My Dad also had said he would never get a PEG tube and he loved his food as well. After getting to a point of choking on everything, even shakes, and losing a great deal of weight and experiencing the weakness that it caused, he did decide to get a PEG. It was a hard adjustment for him but he DID adjust. Especially because at first I would cook and blend food and put regular things into his belly. That made him happy! It also meant that he could have his nightly cocktails and that was his biggest selling point. We learned that if he coughed or belched after a feeding he could taste what we put into the peg so I continued to make sure his coffee was made the way he liked it and that all things tasted good. By the time we switched to formula only, he was used to the peg. He has had it for nearly 2 years now.
We had many times where Dad seemed to lose his will to live during this battle and it was hard because as his power of attorney, I had to separate his feelings from mine and support his wishes. He chose me for that role for a reason, he knew I would put his feelings first at all times. No, it's not easy for us to be the ones to make these decisions and it is heartbreaking sometimes. Before any choices are made on your PALS behalf, think long & hard and make sure that you remember what they have said or expressed in regards to how they want to live their lives and how they want their lives to end. If you stick with what they want, you will not feel guilty for making the decisions for them... at least that's my experience. It's hard but it's right.

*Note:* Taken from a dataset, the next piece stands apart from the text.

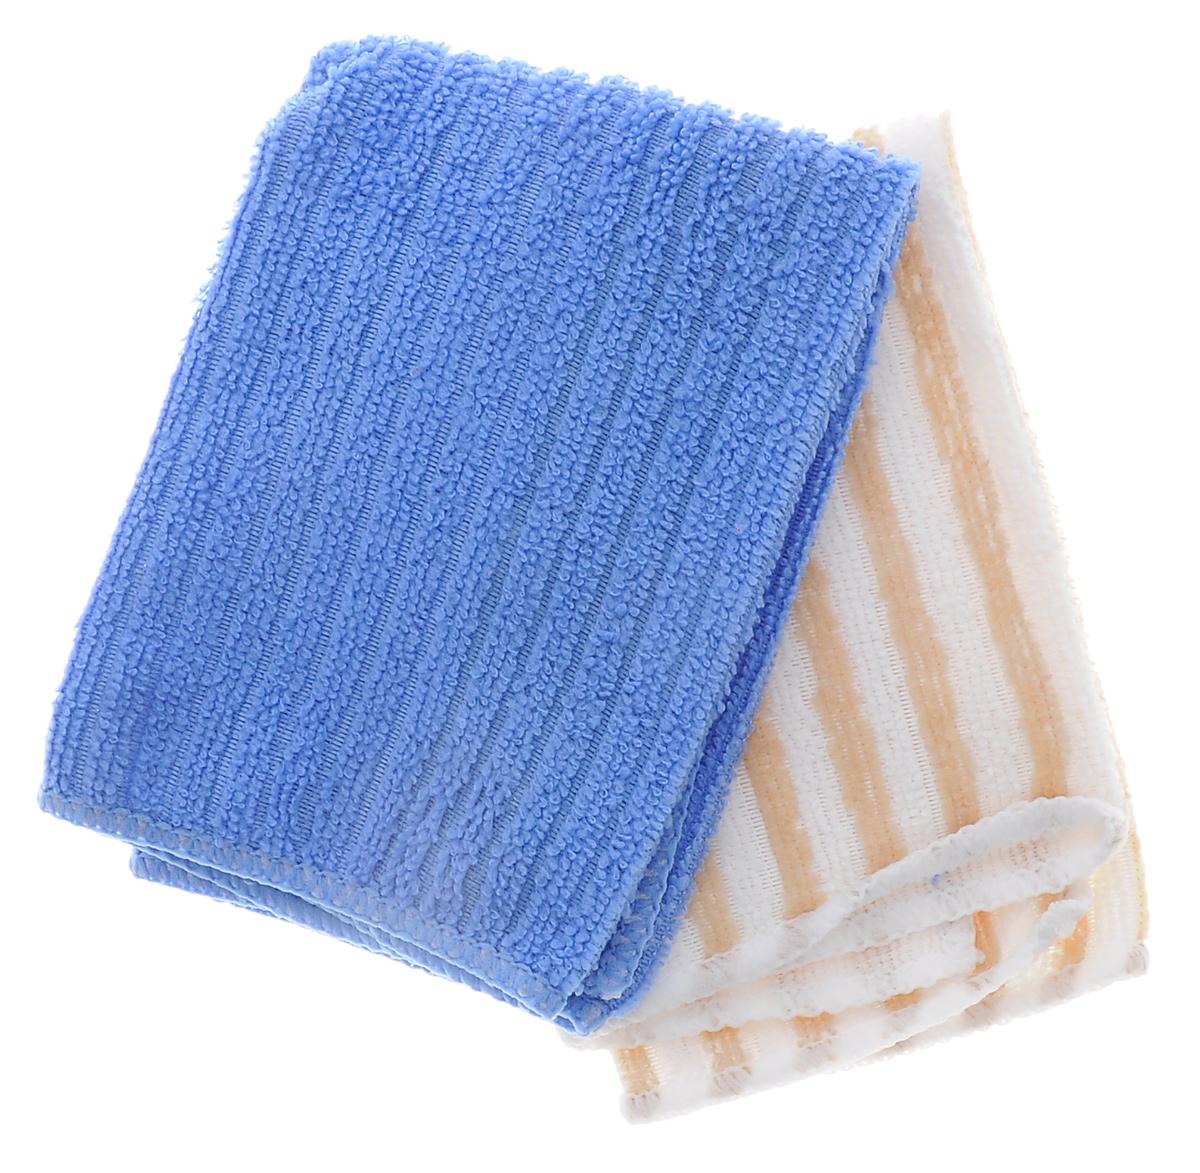 Салфетка из микрофибры Home Queen, цвет: синий, бежевый, белый, 30 х 30 см, 2 шт57048_синий, бежевыйСалфетка Home Queen изготовлена из микрофибры. Это великолепная гипоаллергенная ткань, изготовленная из тончайших полимерных микроволокон. Салфетка из микрофибры может поглощать количество пыли и влаги, в 7 раз превышающее ее собственный вес. Многочисленные поры между микроволокнами, благодаря капиллярному эффекту, мгновенно впитывают воду, подобно губке. Благодаря мелким порам микроволокна, любые капельки, остающиеся на чистящей поверхности очень быстро испаряются и остается чистая дорожка без полос и разводов. В сухом виде при вытирании поверхности волокна микрофибры электризуются и притягивают к себе микробов, мельчайшие частицы пыли и грязи, удерживая их в своих микропорах. Размер салфетки: 30 см х 30 см.

We stopped my Dad's feedings this week. I have been struggling with the decision for a few weeks now but Dad's body decided for me that it was time. He has gotten to the point of being violently ill each time he is given ANY formula. His body is skin & bones now, literally, but he just can no longer digest the feedings and it reduces his quality of life to feed him now. I was afraid to decide for him when he should begin to let go and fortunately, he made the decision himself. If you look closely at your loved one, you'll see their cues, their desires, their wants and needs will show and it will guide you. It still isn't easy to be the one vocalizing it "stop the feedings now" and that then has to communicate the plan to family and friends... but knowing it is right goes a long way towards doing this with peace of mind and confidence.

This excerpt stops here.